Cold Chain = Shared Infrastructure
In produce, temperature control determines freshness, flavor, and shelf life. In healthcare, it determines clinical safety and therapeutic effectiveness. If berries warm up, their shelf life shortens; if insulin warms, its stability and effectiveness may be compromised.
To prevent these outcomes, both industries rely on refrigerated transport, continuous monitoring systems that track temperature throughout transit, rapid response procedures when deviations are detected, and clear documentation of every handoff.
Different products, same operational truth: time and temperature determine value.
Let’s take a look at some examples. We’ll start with a berry distributor in California. During shipment from the warehouse to retailer, the load experienced a 90-minute refrigeration outage. The fruit appeared fine upon arrival, but its shelf life was reduced significantly, leaving the retailer with less time to sell.
Meanwhile, a Midwestern medical center was forced to discard an entire insulin batch after a delayed storage alarm resulted in prolonged exposure to unsafe temperatures.

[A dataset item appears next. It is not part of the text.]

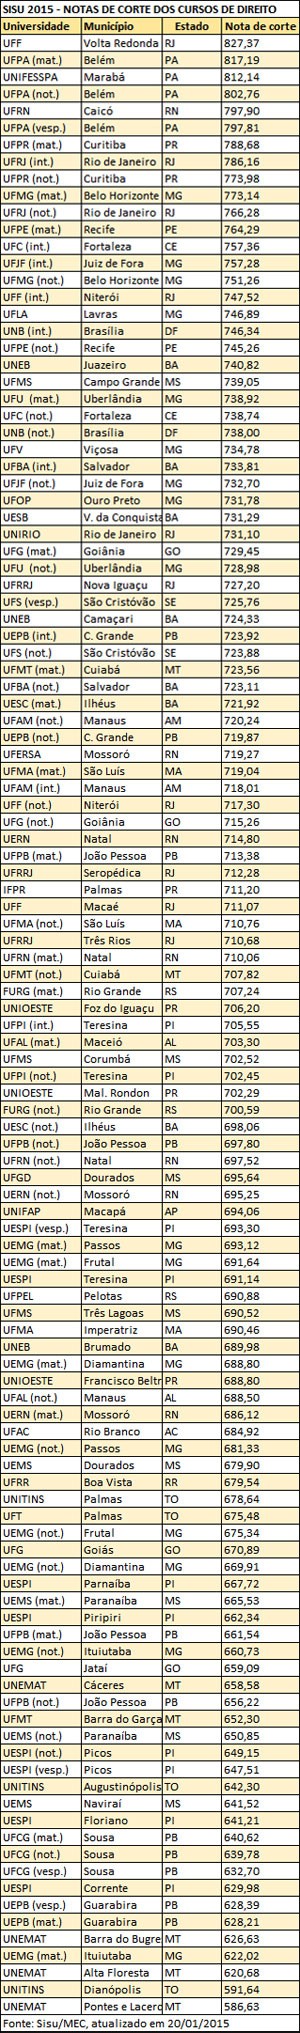 G1 - Curso de medicina da Ufac tem menor nota de corte do país no Sisu 2015  - notícias em Acre

Different products, same operational truth: time and temperature determine value.
Chain of Custody and Accountability
Whether shipping peaches or vaccines, the journey typically involves producers or manufacturers, packers or distributors, brokers or coordinators, carriers, and destination receivers such as retailers or healthcare facilities.
Each transfer introduces the potential for miscommunication or temperature variation.
Both industries are moving away from paper logs and siloed documentation toward digitally signed chain-of-custody records, shared traceability platforms, and real-time monitoring dashboards to ensure clear documentation and accountability across the entire supply chain.
Fraud: A Quiet Challenge
Fraud is rising across both sectors and elsewhere. In produce, double brokering, carrier impersonation, spoofed pickup instructions, and cargo theft have become more frequent.
Pharmaceuticals face similar risks, such as counterfeit medications entering supply chains, diverted controlled substances, and falsified temperature records.
Because high value and perishability create incentives for exploitation, both industries are adopting identity verification and behavioral risk-scoring as protective measures.
“Experienced professionals hold deep intuition shaped by years of experience in the field, while newer workers bring digital fluency and adaptability.”
The Role of Generative AI: Clarity for Decisions
Both the fresh produce and pharmaceutical industries rely on workforces that span multiple languages, generations, and levels of technical familiarity.
Generative AI is emerging as a practical support tool in these environments. A GenAI copilot can summarize temperature histories into clear, plain-language explanations and describe chain-of-custody events as they occur.
It can also identify unusual routing or communication patterns that may indicate fraud, translate handling instructions into any language, and adjust the depth of its guidance depending on the user’s role. This can help frontline workers and managers make faster, more confident decisions.
“Experienced professionals hold deep intuition shaped by years of experience in the field, while newer workers bring digital fluency and adaptability,” notes John Abkes, emeritus senior vice president at Blue Book Services.
“Generative AI bridges these strengths by making institutional knowledge reusable and complex system information understandable across skill levels,” he adds. “The result is not automation replacing expertise, but technology reinforcing human judgment.”
Cold Chain = Trust Infrastructure
Looking ahead, the businesses in the produce and pharma industries that will thrive are those that treat operational data as a strategic asset.
They make the effort to verify identity at every stage of the supply chain, use AI copilots to support workers in real time, and align processes around shared transparency and accountability. The cold chain is no longer only about keeping products cold; it’s about keeping trust warm.